Sunday, December 21, 2014


Every Christmas I turn to the ”Dingley Dell” chapter in Dickens’s The Pickwick Papers, as if I needed any other reason to revisit that glorious novel. Although we sometimes forget that those particular pages do not directly concern a Christmas party but a wedding celebration, the spirit of the holiday prevails nonetheless. The Christmas spirit of charity and compassion and familial bonds is everywhere in his stories, no matter what the subject. The details of the Christmas story itself, as revealed in Luke, on the other hand, are noticeably absent, even in the ever-popular A Christmas Carol.

"It should not be imagined," wrote biographer Edgar Johnson, "that Christmas has for Dickens more than the very smallest connection with Christian dogma or theology." Dickens had been brought up in the Church of England (although his parents were not strict adherents). He claimed he learned at an early age to detest church ceremonies with their long-winded sermons and Sunday evening services. Being washed and scrubbed for these occasions was like being "steamed like a potato in the unventilated breath" of his hated minister and congregation, as he recalled, and he usually fell asleep during services. As his most recent biographer, Fred Kaplan has noted, "he associated organized religion with stale custom at best, with repressive fanaticism at worst. He aspired to a religion of the heart that transcended sectarian dogma."
He found it in the celebration of Christmas. Its tradition of festive family celebrations and its spirit of mystery, mirth and charity supplied a fantasy refuge for the man whose own childhood and family had been so troubled and disrupted. "Indeed, throughout his adult life," writes John Mortimer, "[Dickens] thought of himself as a boy, as the child who had been wide-eyed in the theater and been maltreated in the blacking factory.

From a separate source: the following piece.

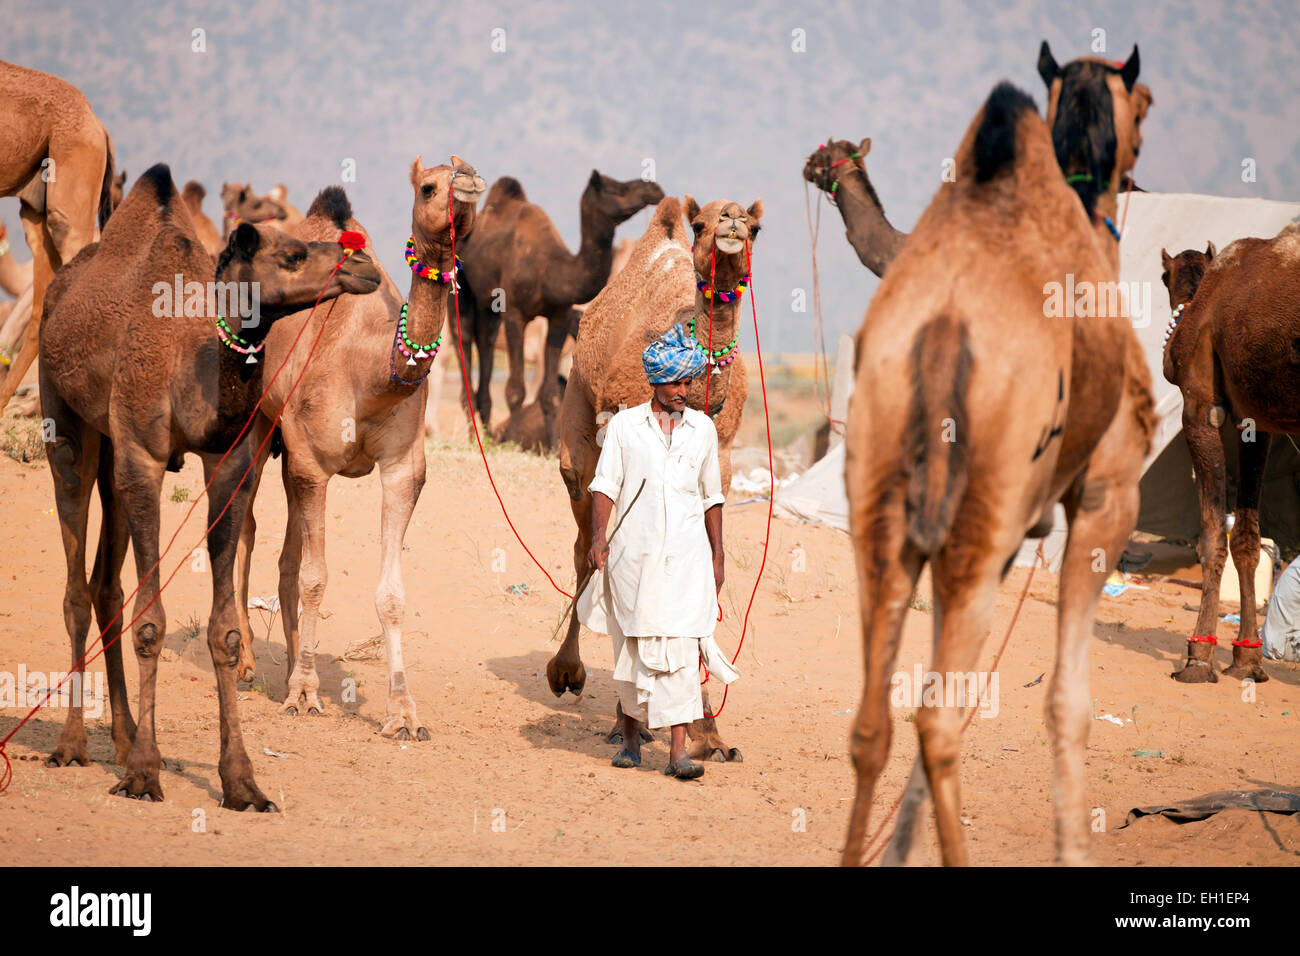 Les hommes du Rajasthan avec une robe traditionnelle typique et leur camel le chameau à Pushkar juste ou équitable Pushkar Mela, Pushkar, Inde Banque D'Images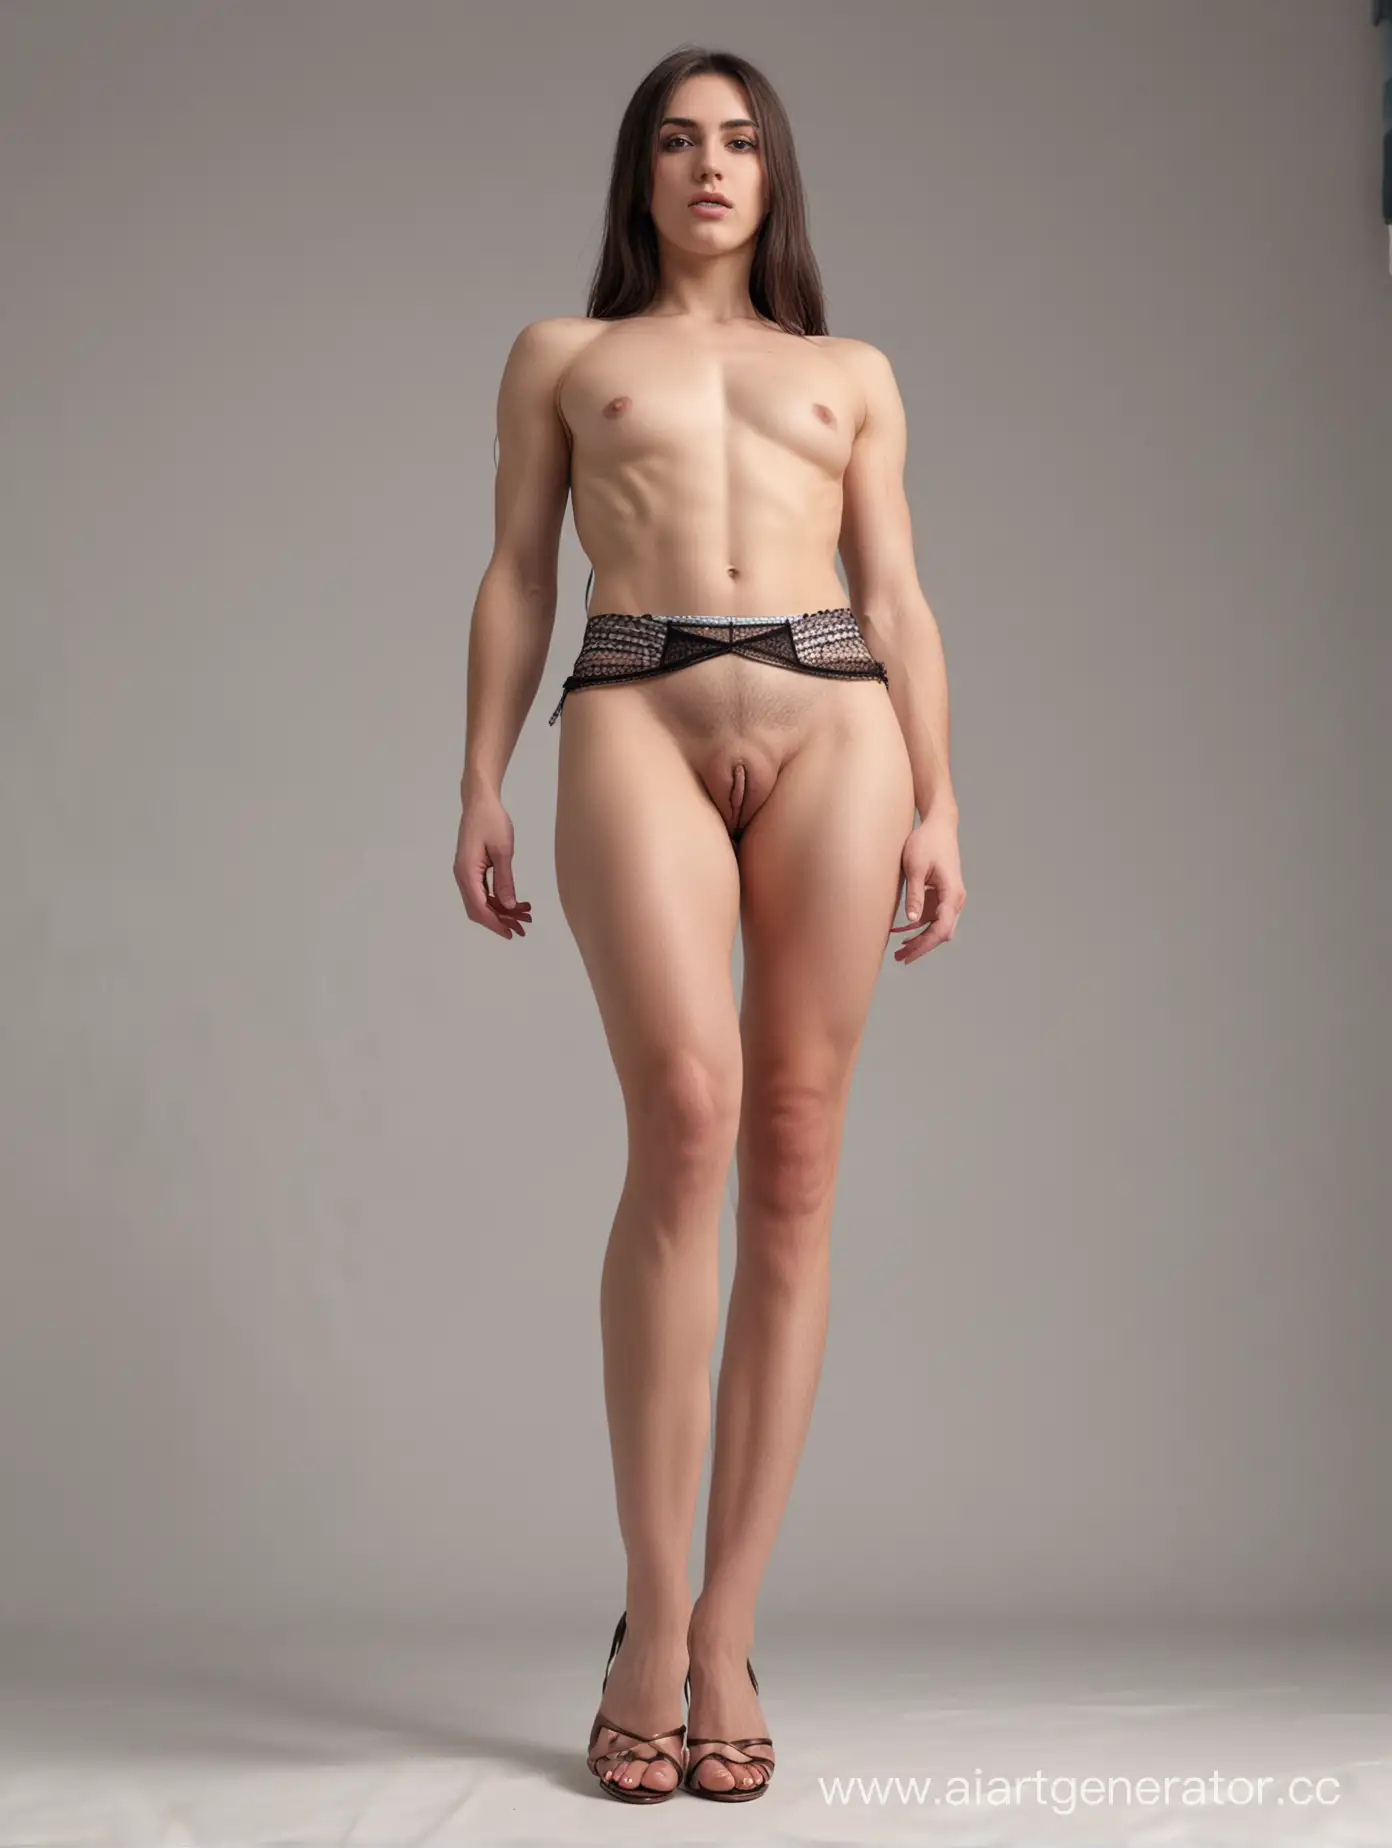 8K, максимальная детализация, ракурс снизу в полный рост: стоя расставив ноги стройный голый трансгендер в короткой юбке из-под которой висит длинный пенис с огромной головкой

The trouble with Ebenezer Scrooge, the Christmas-hating miser, is that he has completely lost touch with the child within him." In a more general sense, insisted G. K. Chesterton, that most genial and insightful of Dickens commentators, Dickens felt that Christmas was a tool in the battle against the stifling drabness of English industrialism: "In fighting for Christmas he was fighting for the old European festival, Pagan and Christian, for that trinity of eating, drinking and praying which to moderns appears irreverent."

Thus, Dickens poured all of his formidable energies into his Christmas stories. They readily reveal the contradictions in his mercurial and restless temperament. The deft and fragile touch in the tender whimsies of an early story, "The Christmas Tree," the toymaker's fantasies in The Cricket on the Hearth, and the cozy and warm tone of the Dingley Dell festivities in The Pickwick Papers contrasts sharply with the heavy-handed and forced heartiness of many of the seemingly endless eating and drinking scenes--such as the Cratchit family celebration in A Christmas Carol ("Never was there such a goose!"). Such excess prompted G. B. Shaw to sneer that Dickens sometimes leaves the reader with a kind of literary indigestion, as if stuffed with "the gorgings and guzzlings which make Christmas our annual national disgrace."

I close with a gentle reminder that the holiday season calls for renewed attention not to the endless array of adaptations of Dickens on film but to the prose itself. Then and now (and probably in times to come) those singing and metaphor-laden pages elude the clumsy craft of image-making on the screen.. . and provoke the singular pictures and feelings in our imaginations.